Genome-wide analysis in a murine Dnmt1 knockdown model identifies epigenetically silenced genes in primary human pituitary tumors

2008 
DNA methylation at promoter CpG islands (CGI) is an epigenetic modification associated with inappropriate gene silencing in multiple tumor types. In the absence of a human pituitary tumor cell line, small interfering RNA–mediated knockdown of the maintenance methyltransferase DNA methyltransferase (cytosine 5)-1 ( Dnmt1 ) was used in the murine pituitary adenoma cell line AtT-20. Sustained knockdown induced reexpression of the fully methylated and normally imprinted gene neuronatin ( Nnat ) in a time-dependent manner. Combined bisulfite restriction analysis (COBRA) revealed that reexpression of Nnat was associated with partial CGI demethylation, which was also observed at the H19 differentially methylated region. Subsequent genome-wide microarray analysis identified 91 genes that were significantly differentially expressed in Dnmt1 knockdown cells (10% false discovery rate). The analysis showed that genes associated with the induction of apoptosis, signal transduction, and developmental processes were significantly overrepresented in this list ( P < 0.05).

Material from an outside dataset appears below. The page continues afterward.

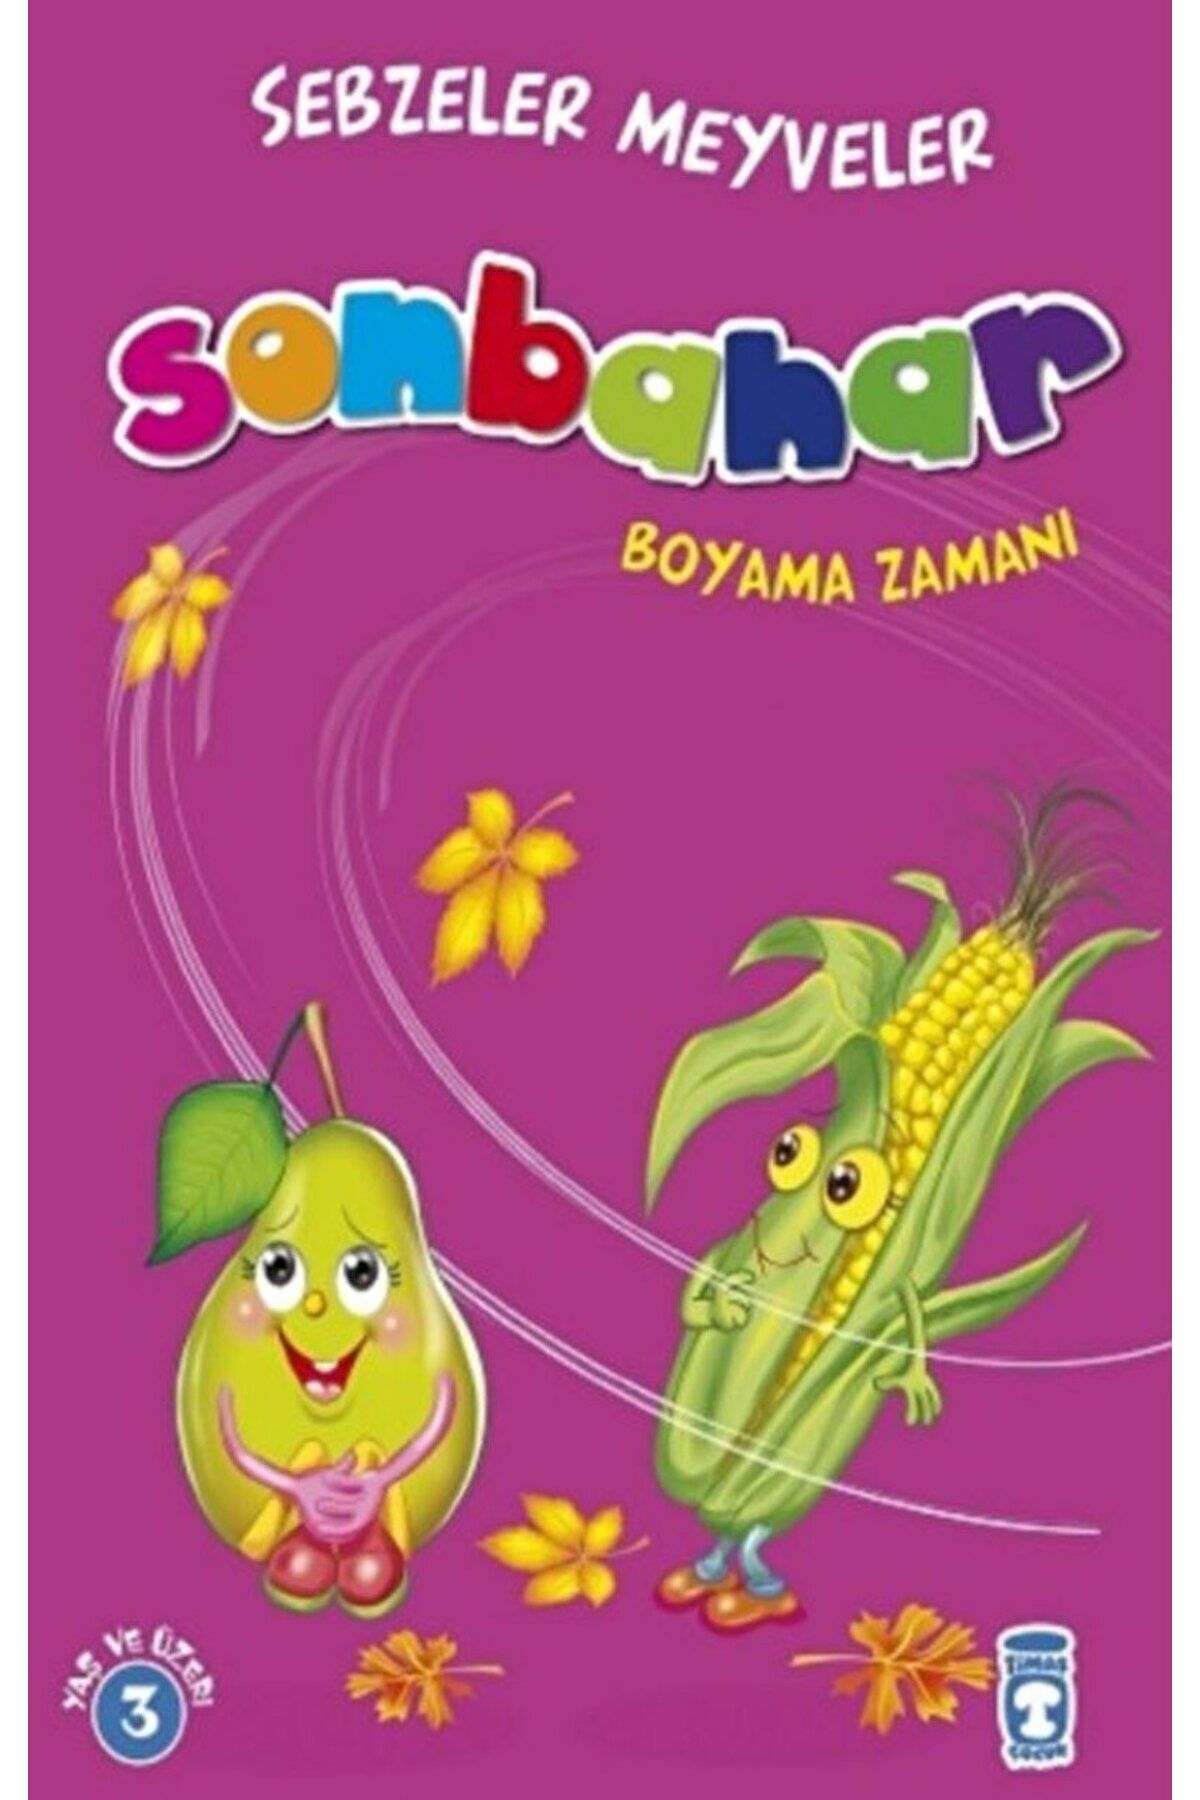 Timaş Çocuk Sonbahar Boyama Zamanı - Sebzeler Meyveler / Gökhan Gülkan / Timaş Çocuk / 9786050820706

Following validation by reverse transcription-PCR and detection of inappropriate CGI methylation by COBRA, four genes ( ICAM1, NNAT, RUNX1 , and S100A10 ) were analyzed in primary human pituitary tumors, each displaying significantly reduced mRNA levels relative to normal pituitary ( P < 0.05). For two of these genes, NNAT and S100A10 , decreased expression was associated with increased promoter CGI methylation. Induced expression of Nnat in stable transfected AtT-20 cells inhibited cell proliferation. To our knowledge, this is the first report of array-based “epigenetic unmasking” in combination with Dnmt1 knockdown and reveals the potential of this strategy toward identifying genes silenced by epigenetic mechanisms across species boundaries. (Mol Cancer Res 2008;6(10):1567–74)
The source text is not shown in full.